Martyn Hodder of Dynamite Dynamite gives us his top ten punk rock influences.


Stray Cats:
They’re basically all I listened to between the ages of zero and 10. My dad’s favourite band. They were my musical introduction to everything ever. Year zero.
 
Noel Gallagher:
Fucked up choice yeah? Oasis were the first band I got into off of my own merit. Probably the first time I heard a huge distorted guitar sound. And Noel Gallagher sure can write a good tune.
 
The Offspring:
The first time I'd ever knowingly heard a punk rock band was when my mate in year 7 gave me a mixtape with Pretty Fly (For A White Guy) on. I bought myself Americana and got totally hooked. I lost myself in their back catalogue for a good year.
 
Green Day:
Green Day passed me by for the first year or two after hearing of them. But hearing Insomniac made me a lifer. My first band (read me and a bass playing friend in his living room) basically ripped off everything on 39/Smooth and changed a few words around. But it was ours! The first day I got an electric guitar (xmas day, Titanic was on!) I taught myself Minority front to back.
 
Descendents:
They're the Descendents. If you know, you know.
 
Tim Armstrong:
Operation Ivy and Rancid taught me everything I ever wanted to know about ska. My first real bands were all ska. Punk was always more than one genre of music to me. It was whatever the fuck you wanted to do and fuck whoever told you not to.
 
The Living End:
They were MY Stray Cats.

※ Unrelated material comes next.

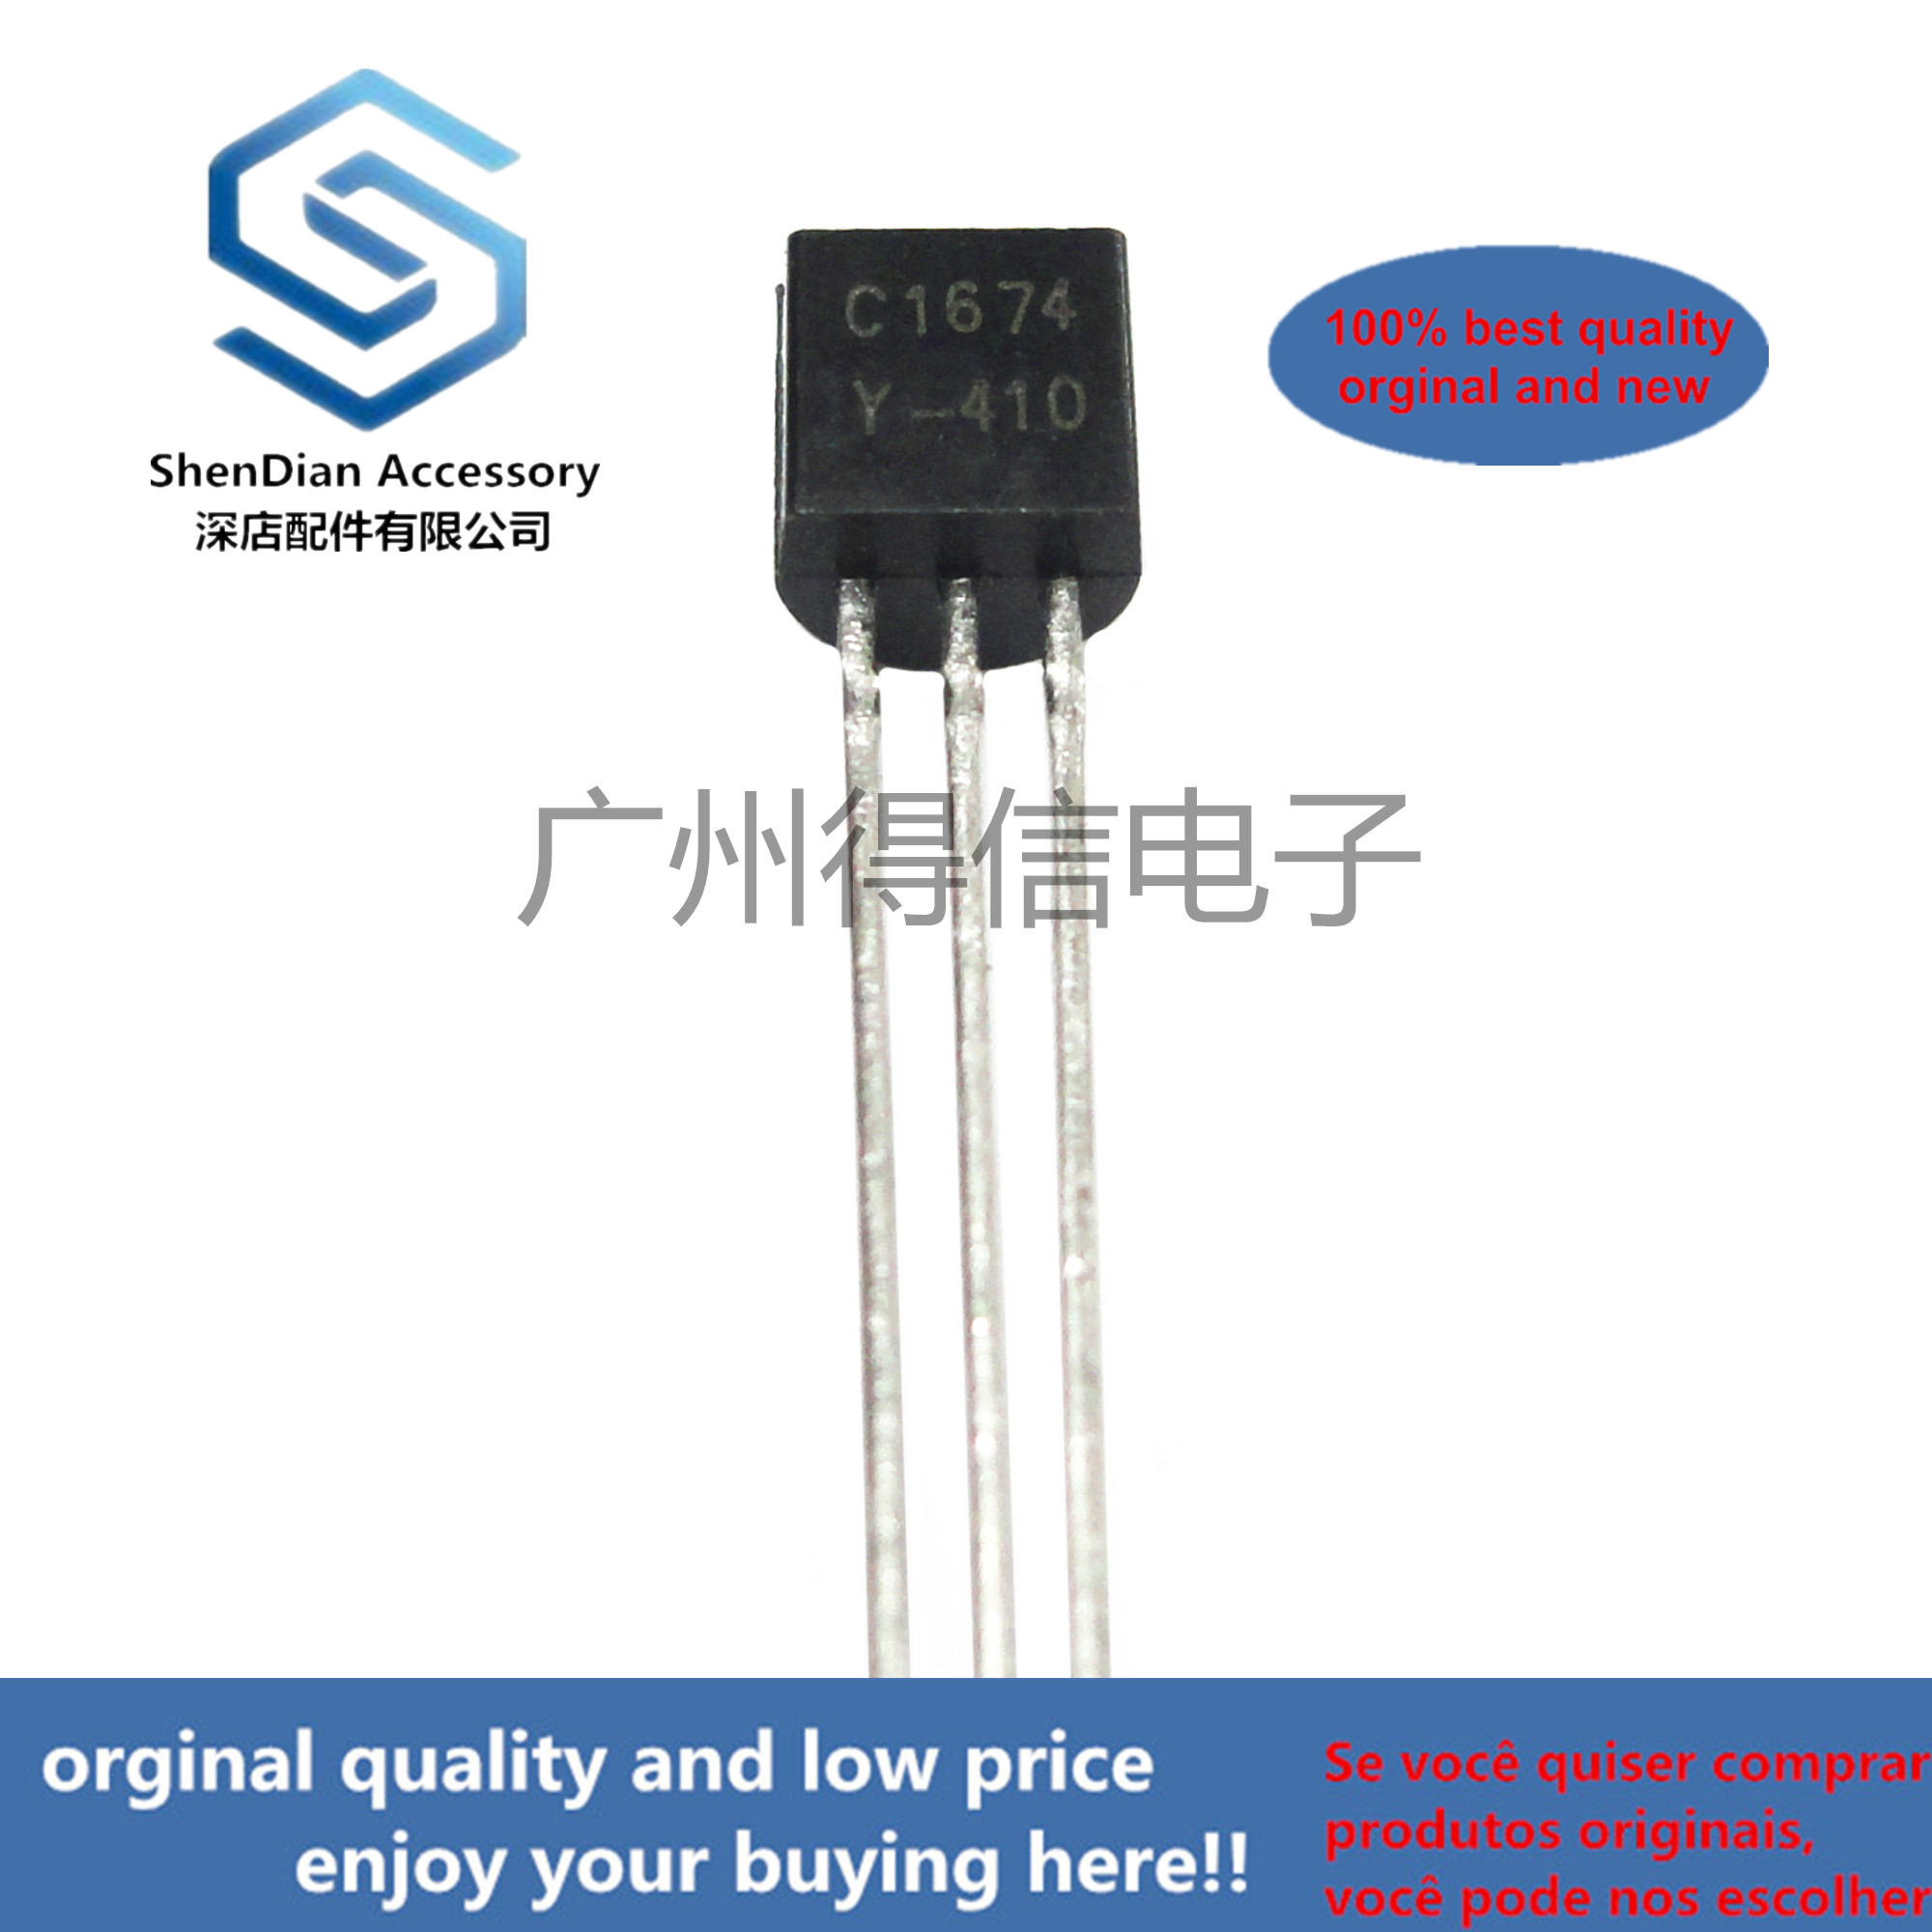 30pcs 100% Orginal New 2SC1674Y C1674 EBC TO-92 Real Photo

They had the look, the stand up bass, the ability to impress my dad, and I could claim them as my own. I introduced HIM to them and he loved them. They were everything I grew up hearing but louder and more urgent.
 
Hot Water Music:
I used to hate gravelly-voiced 'shouty' punk bands. HWM changed it all. I could sing along to Paper Thin for hours and realise your voice doesn't have to be perfect, it just has to mean something when the words come out.

Dave Hause:
I fell out of love with punk rock for a few years in my early twenties. Dillinger Four pulled me back in, The Loved Ones kept me anchored. Dave's solo stuff taught me more about melody than I could ever hope to keep in my head.
 
Dad:
My dad influenced and started my path to everything I have ever loved in music. He taught me my first ham-fisted chords, he played me music and melody from being a baby and always taught me to like what you like and never be ashamed of it, forever proud, because in the end it's what makes you whole.